2021 Ford Bronco goes through assembly at the Ford Michigan Assembly Plant | Bill Pugliano/Getty Images

We’ll start with the major elephant in the room: Covid-19. At the beginning of the pandemic, automakers slowed production thinking consumers wouldn’t be buying cars for a while. Unfortunately, that wasn’t the case. New car purchased skyrocketed after the first few months of quarantine, and automakers didn’t have the supply to meet demand. Thus, they jacked up prices.

But it’s a double whammy due to the fact that people also purchased a ton of smartphones and electronics amidst the pandemic. All the little computers in your tech use micro conductors, commonly referred to as chips. Cars use them too, and without them, they can’t manufacture finished vehicles. Ford just delayed the Mach-E due to the shortage, unable to finish the fully electric vehicles.

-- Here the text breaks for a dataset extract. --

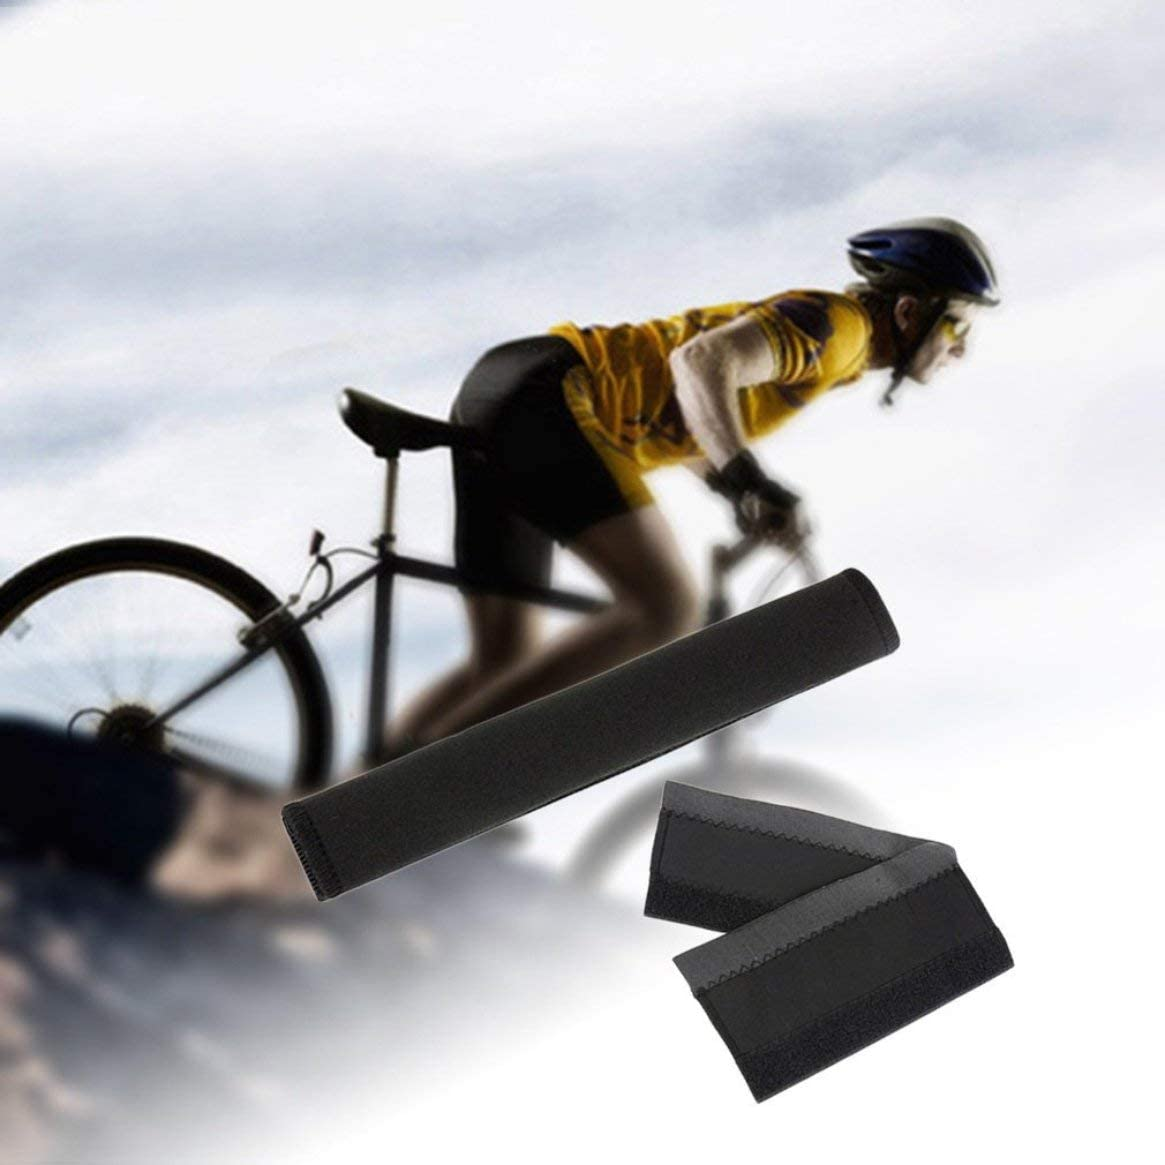 2pcs Neoprene Bike Bicycle Frame Protector Chain Stay Guard Cover Sleeve Pad Freeday-uk

Sure, inflation may play a tiny part in it, but the grim reality is that automakers have very few new cars. Their production is limited, and that leads to higher prices. After all, people want what they can’t have. But if you’re a penny pincher like me, then you may want to look at the newest car with the lowest prices.

What are the cheapest cars out there today?

Mitsubishi Mirage (Top) and Chevy Spark (Bottom) best value
Mitsubishi Mirage (Top) and Chevy Spark (Bottom) | Mitsubishi/Chevy

That title goes to the Chevy Spark, which costs just $13,600. Next in line would be the Mitsubishi Mirage, which starts at $14,295. And while the two budget hatchbacks are comparable, the Spark is more popular, and more affordable.

Let’s go back to the math from earlier. If it takes one year for the average worker to make $58,000 a year, or $1,115 a week, then it’d only take 12 weeks to afford a brand new Chevy Spark. The only drawback is they’d have to know how to operate a stick, otherwise, they’d have to tack on another two weeks of pay ($2,000).

What’s the takeaway from all this? Well, if you can help it, don’t buy a new car. Keep the one you have running, as it’ll save you time and money over the long run. Repercussions from the chip shortage and Covid are still hitting hard, and there’s no telling when automobiles will be affordable again.